DATA:
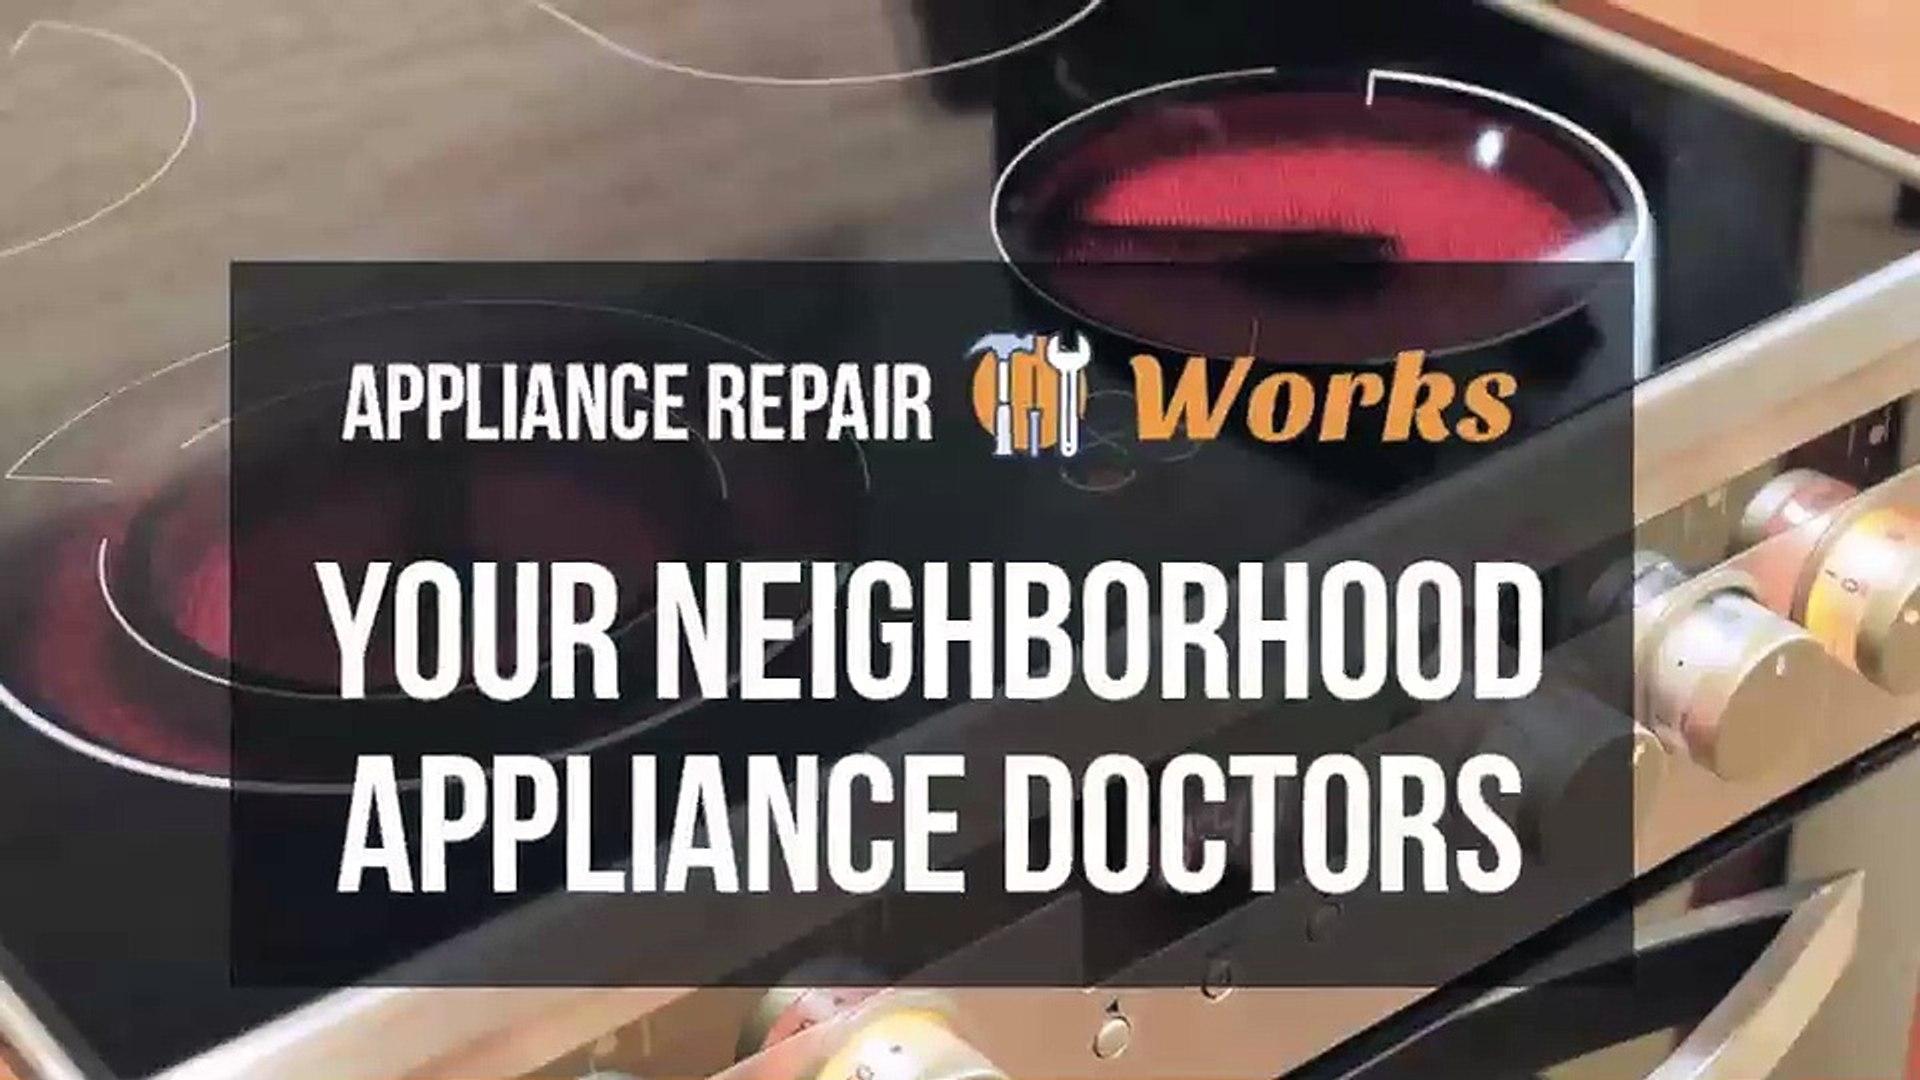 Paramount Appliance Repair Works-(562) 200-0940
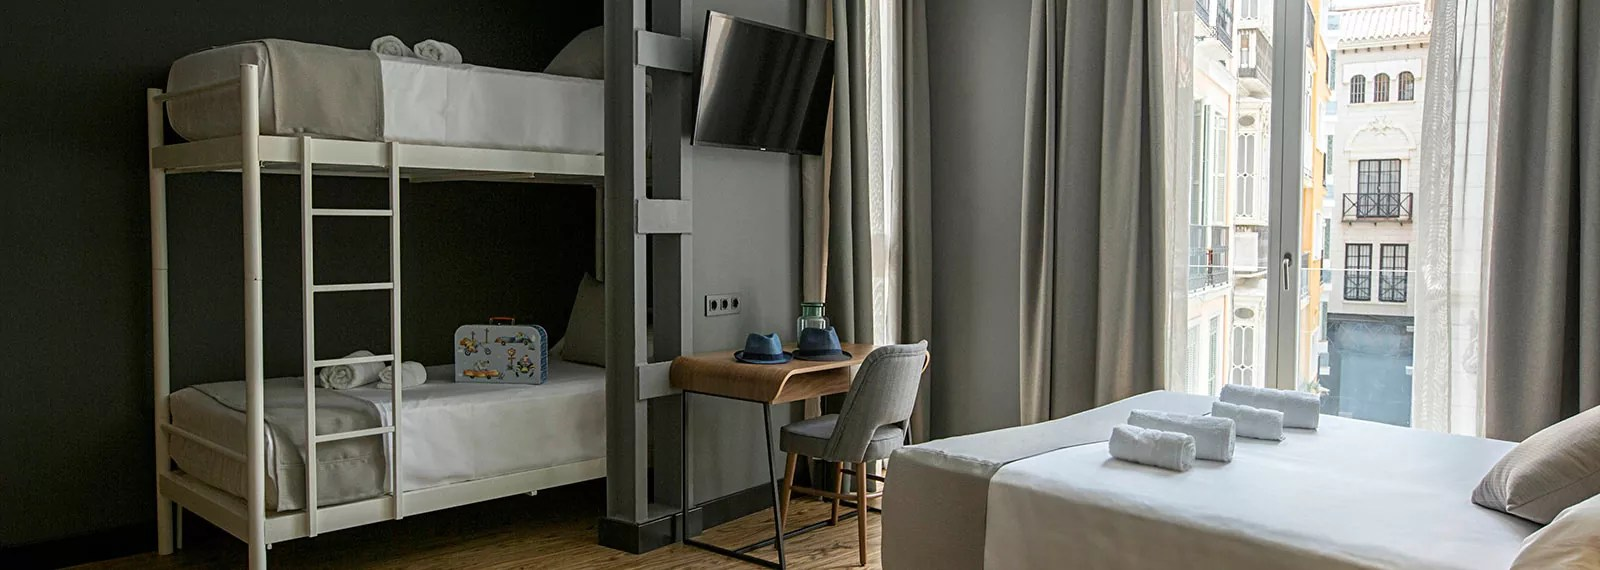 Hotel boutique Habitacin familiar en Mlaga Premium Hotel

...

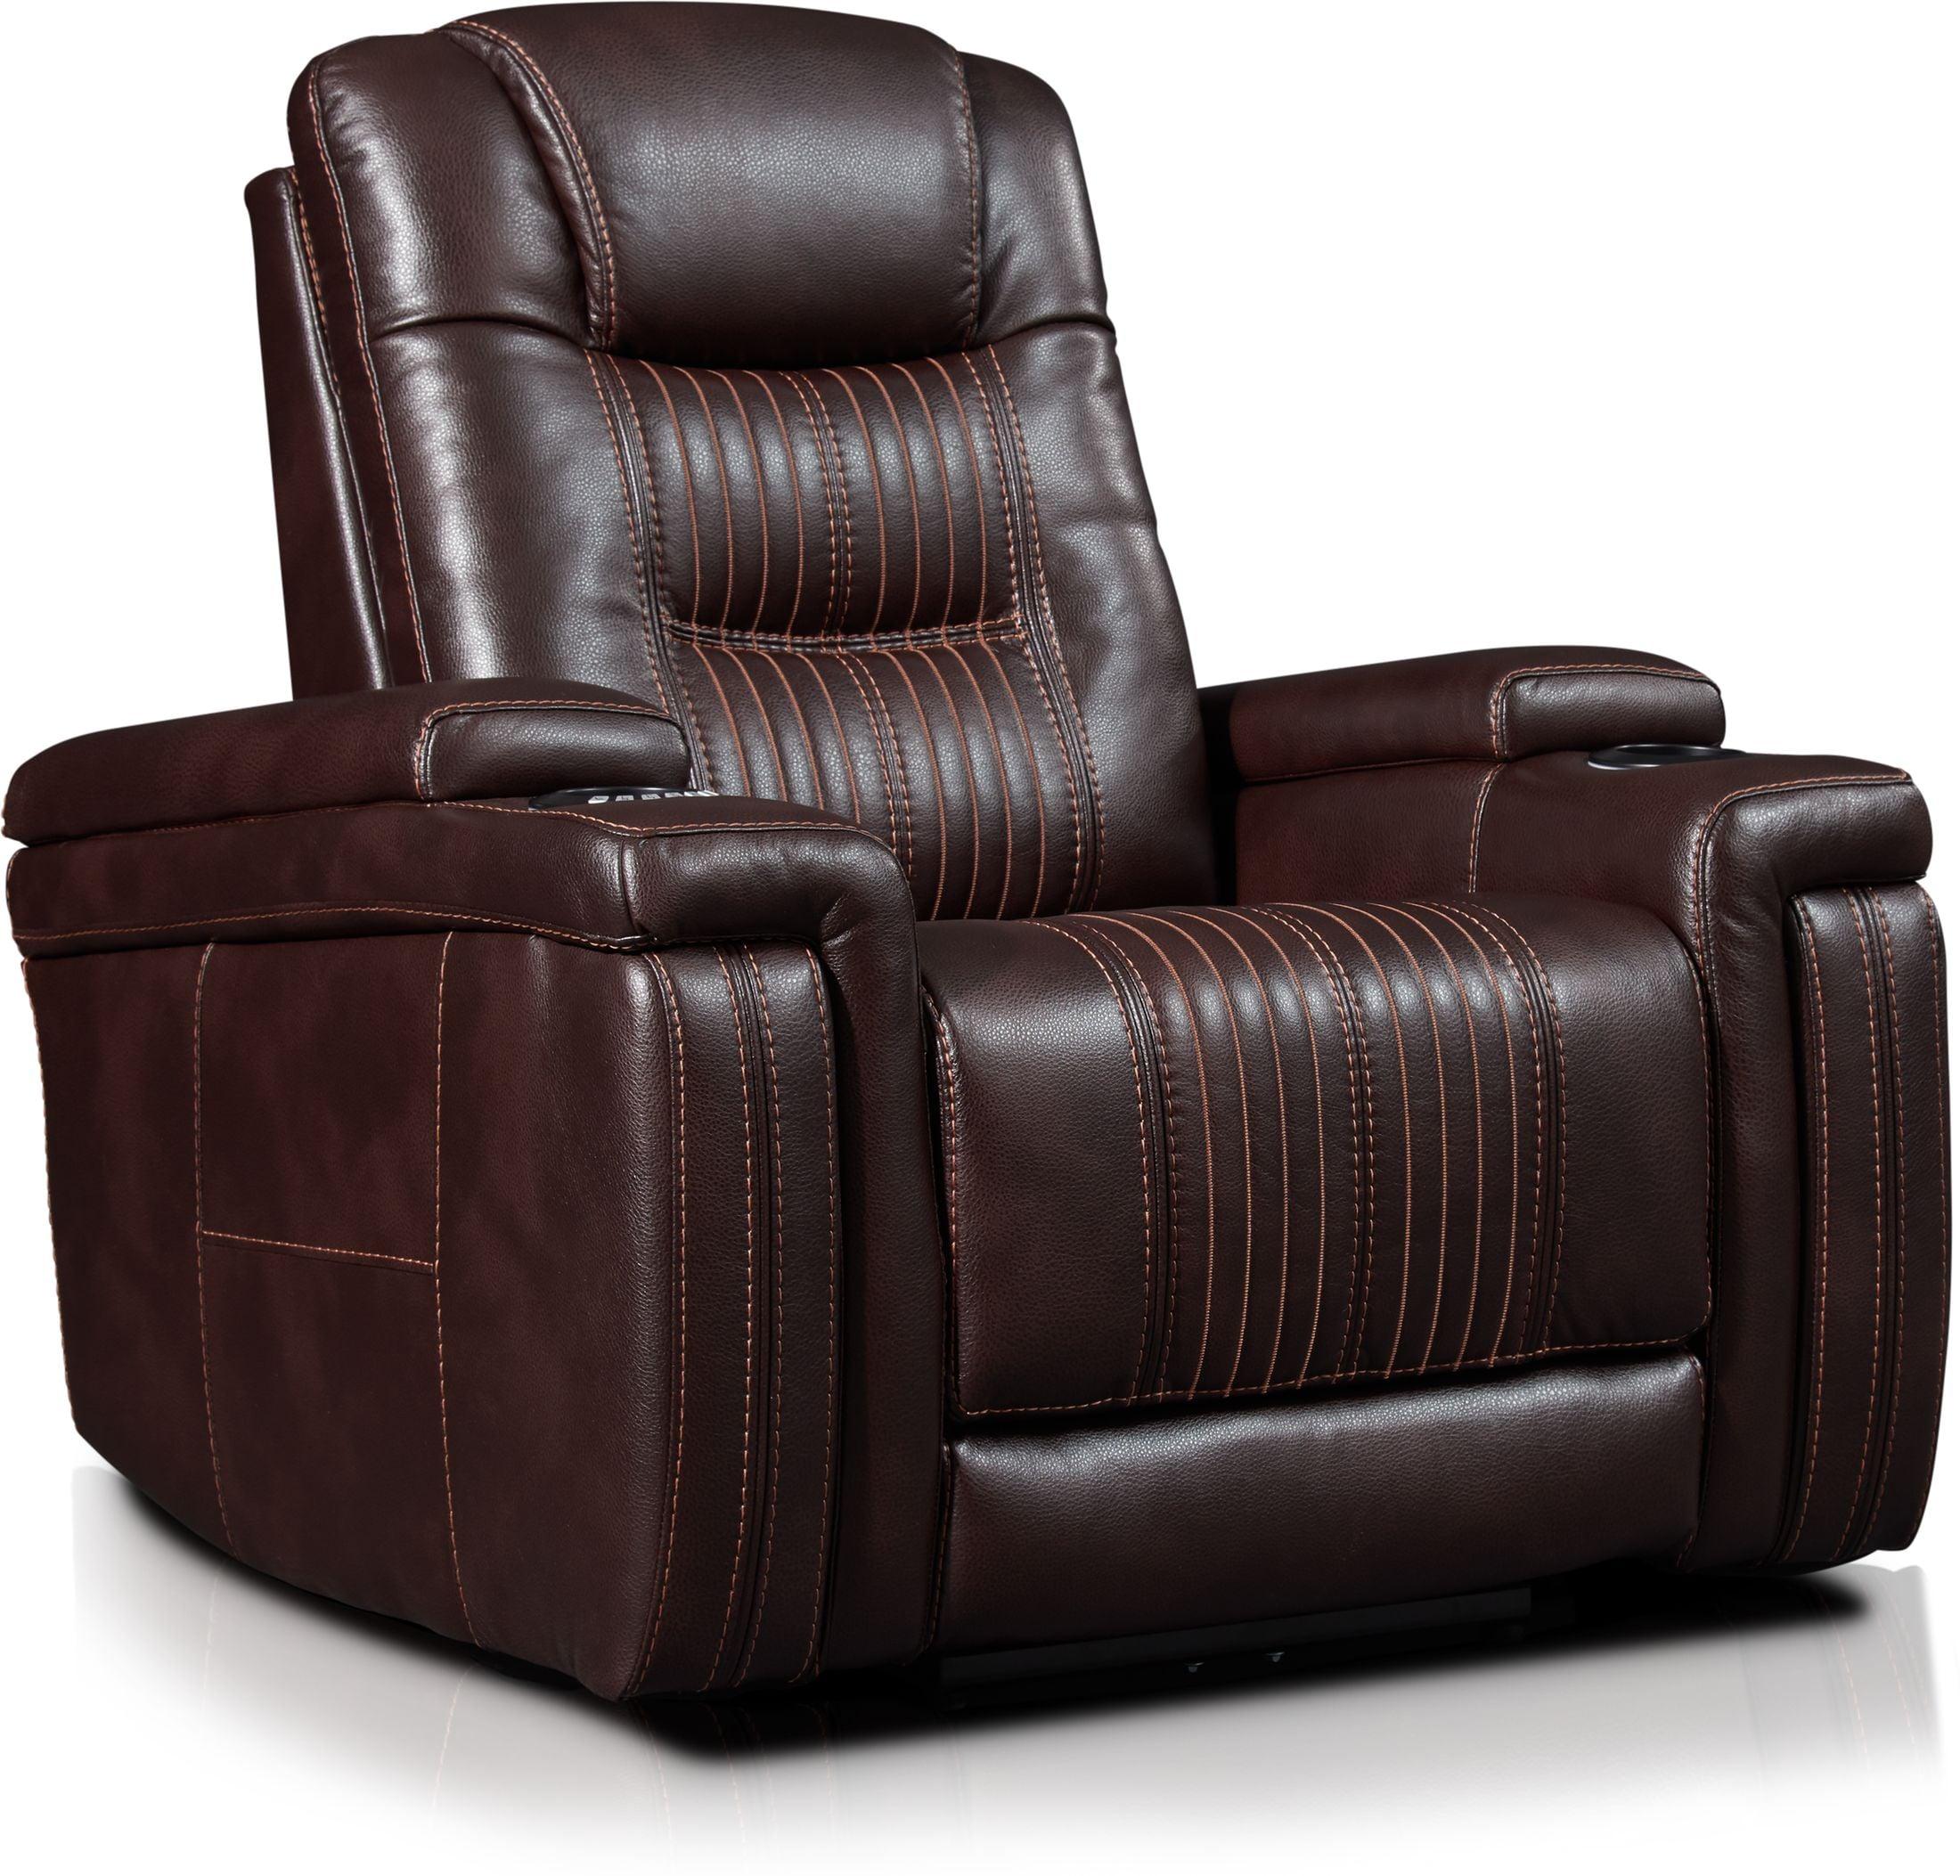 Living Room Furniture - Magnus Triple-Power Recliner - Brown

* * *

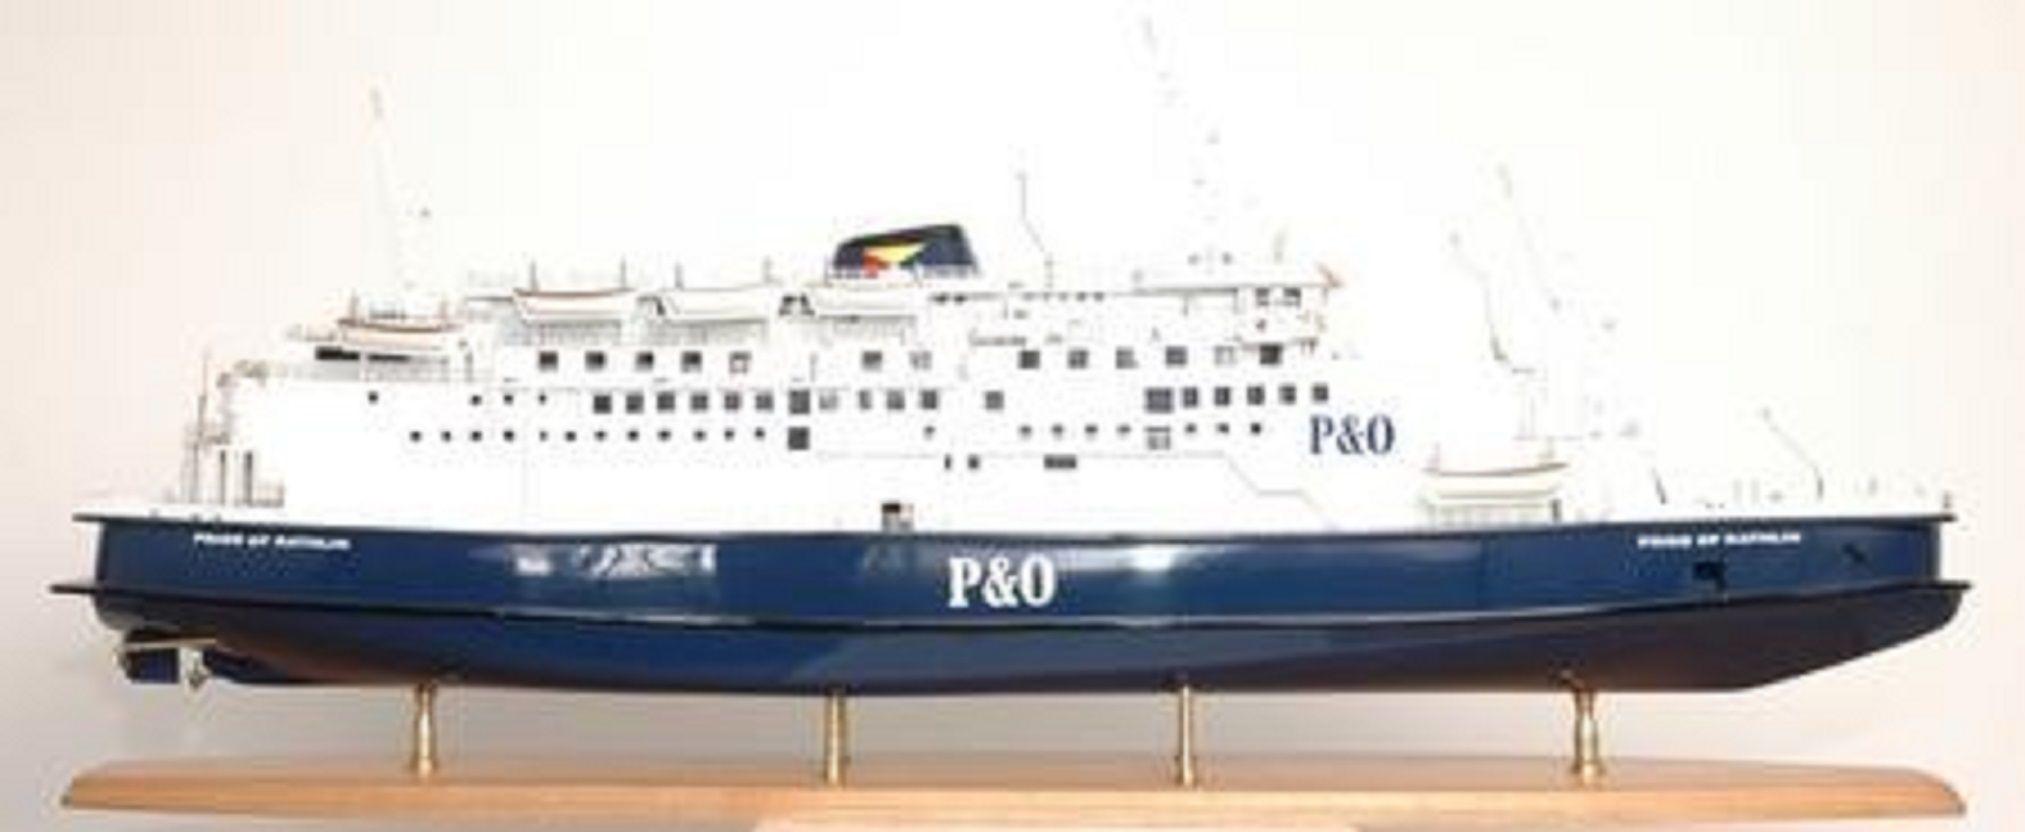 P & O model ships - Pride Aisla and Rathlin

DESCRIPTION OF THE TASK:
Return exactly the lines that appear in the data above between the line containing "Paramount Appliance Repair" and the line containing "Hotel boutique Habitacin", both of which are included, and leave the pictures out.

RESPONSE BOX:
 Paramount Appliance Repair Works-(562) 200-0940
 Hotel boutique Habitacin familiar en Mlaga Premium Hotel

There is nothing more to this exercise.